Администрация арестовывала тиражи, накладывала штрафы, передавала материалы в суд, но это были жалкие попытки остановить разгулявшуюся русскую либеральную и социалистическую печать. Вялые, вымученные репрессии только подливали масло в огонь, повышали интерес общества, держали в тонусе журналистов, окружали их ореолами борцов и даже мучеников. У пишущей интеллигенции были и смысл, и радость жизни — распространять идеи свободы, бороться с «ретроградами» и «сатрапами», подвергаться разным «преследованиям»: и, при этом находится не на каторге в Нерчинске, а в ресторане у Донона, получать крупные гонорары, отдыхать в Ницце.
Вот это были времена! Даже начавшаяся война не помешала полнокровно жить. А уж при Временном пришла такая свобода:
И вот все эти радости разом прикрыли большевики. Уже 27 октября 1917 года был издан декрет о печати, где было дано право органам новой власти прекращать деятельность «буржуазных» изданий, а декретом от 23 декабря 1918 года Военно-революционный комитет получил все права предварительной цензуры и тотального контроля за СМИ.
Вскоре из недр Наркомпроса выросло Главное управление по литературе и издательствам (Главлит), которое и давило советскую журналистику вплоть до конца 80-х, пока, наконец, цензура вновь не была упразднена законом.
Очень страшно было пишущим интеллигентам при Ленине-Сталине: шаг вправо, шаг влево — Лубянка, затем пуля или Воркута. Посвободнее стало при Брежневе-Хрущеве, хотя посадить еще могли запросто, за границу не пускали, и котлеты в Доме литераторов были жесткие и невкусные. Зато героем можно было стать почти мгновенно, правда и последствия героизма могли быть весьма серьезными. Не всякий решится.
Но вот при Горбачеве-Ельцине пришла гласность, а за ней прилетела на атлантических ветрах и демократия, все вдохнули долгожданный воздух свободы.
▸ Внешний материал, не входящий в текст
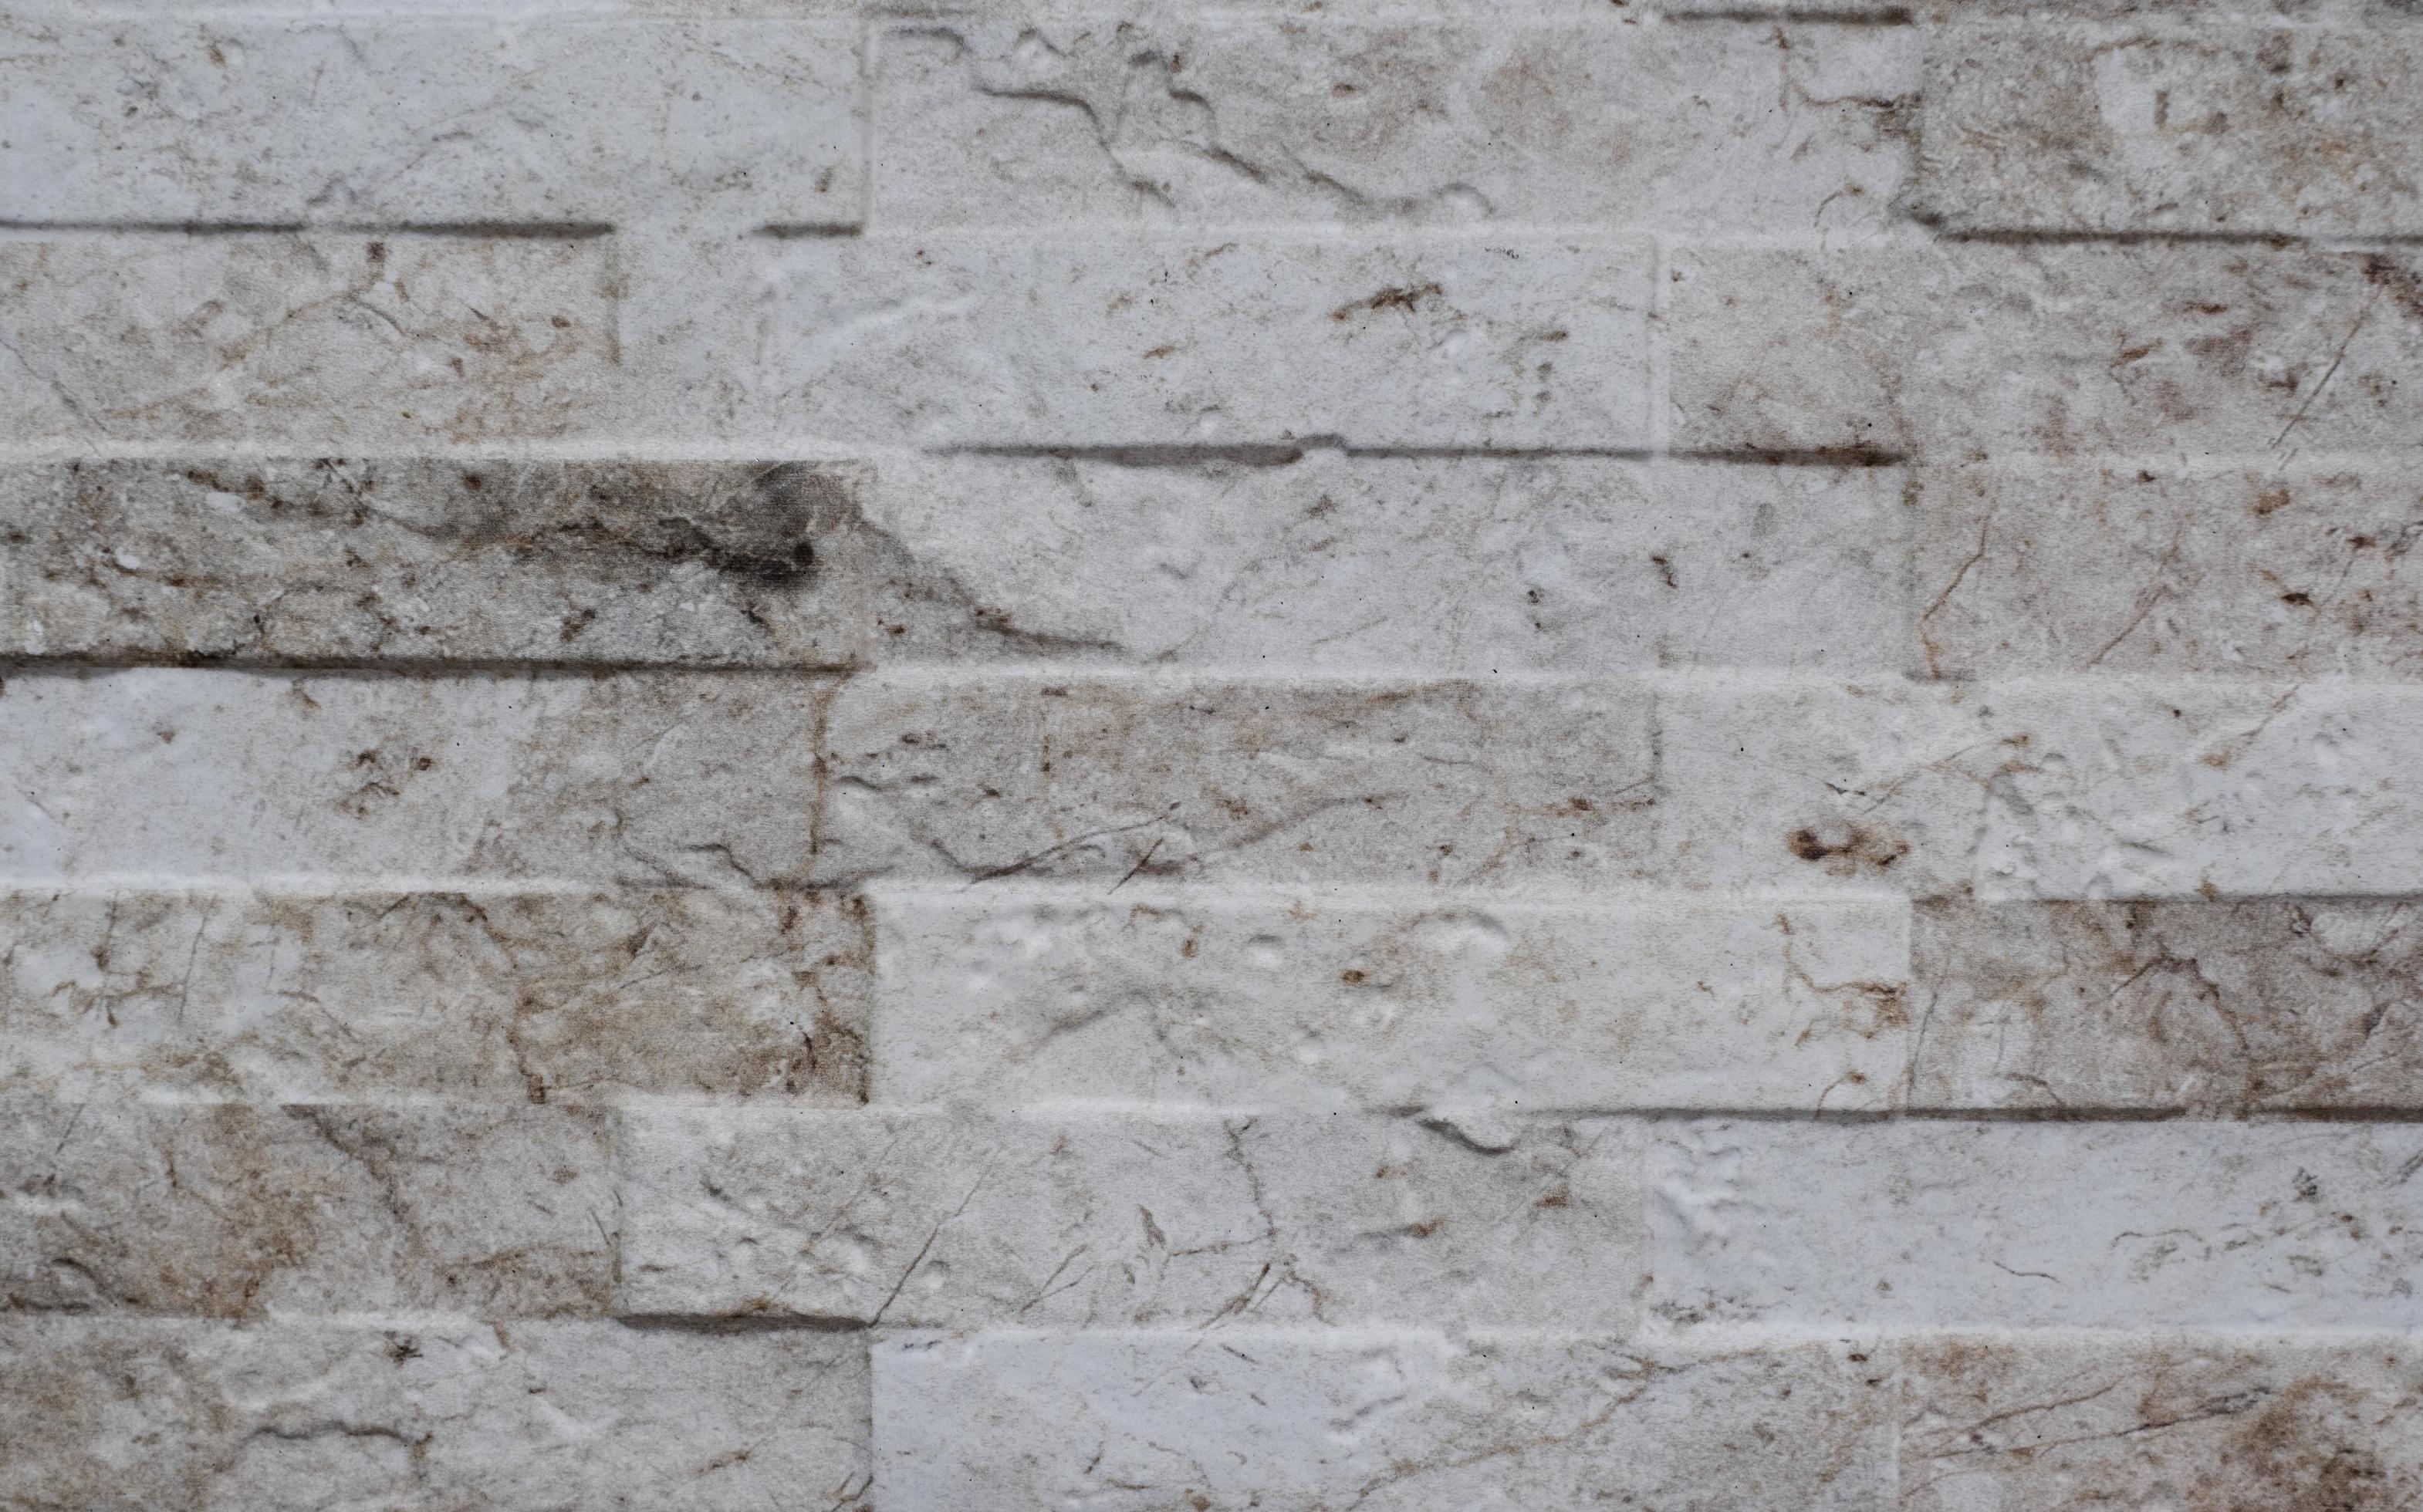 Bekend hypotheek doel natuurlijke gevel steen decoratie kwartsiet achtergrondstructuur. moderne  granieten stenen muur 2256028 stockfoto bij Vecteezy

Казалось вот-вот, и интеллигентные журналисты буду и героями, и вождями, и властителями дум Новой России.
Но вскоре выяснилось, что нет у нас больше ни мучеников, ни героев пера, ни интеллигентных властителей дум, а все скучно и серо, буднично и обычно. «Куриный грипп во Вьетнаме, взрыв в Ираке, тайфун в Майами, коррупция в Твери». И не грозный Главлит, а лишь Тефаль думает о нас.
Порой даже кажется, что доносится откуда-то из самой толщи пишущих масс подавленный стон: нам бы преследований каких-нибудь, немножечко, ну пусть таких, как в 1905 году, а лучше вообще «понарошку». Чтобы можно было опять побороться с «сатрапами», заявить об удушении свободы слова на встрече правозащитников, оттуда двинуть в ресторан, потом на дачу.: И снова — герои, и снова — на коне!
Но нет, не вернутся такие времена. Ведь у нас цензура запрещена самой конституцией. С ней не поспоришь.
И придется сегодня зарабатывать трудный журналистский хлеб «в поте лица», пытаться с горем пополам увеличивать тиражи нечитаемых изданий за счет разной «клюквы развесистой», заискивать перед спонсорами, искать рекламодателей, веселить зевающую публику. Ничего не поделаешь — вот такая она, свобода слова.
Но эта свобода, не смотря ни на что, очень и очень важна, она куплена дорогой ценой, и я с радостью поздравляю всю пишущую братию и всю нашу интеллигенцию со столетним юбилеем отмены цензуры. Ура!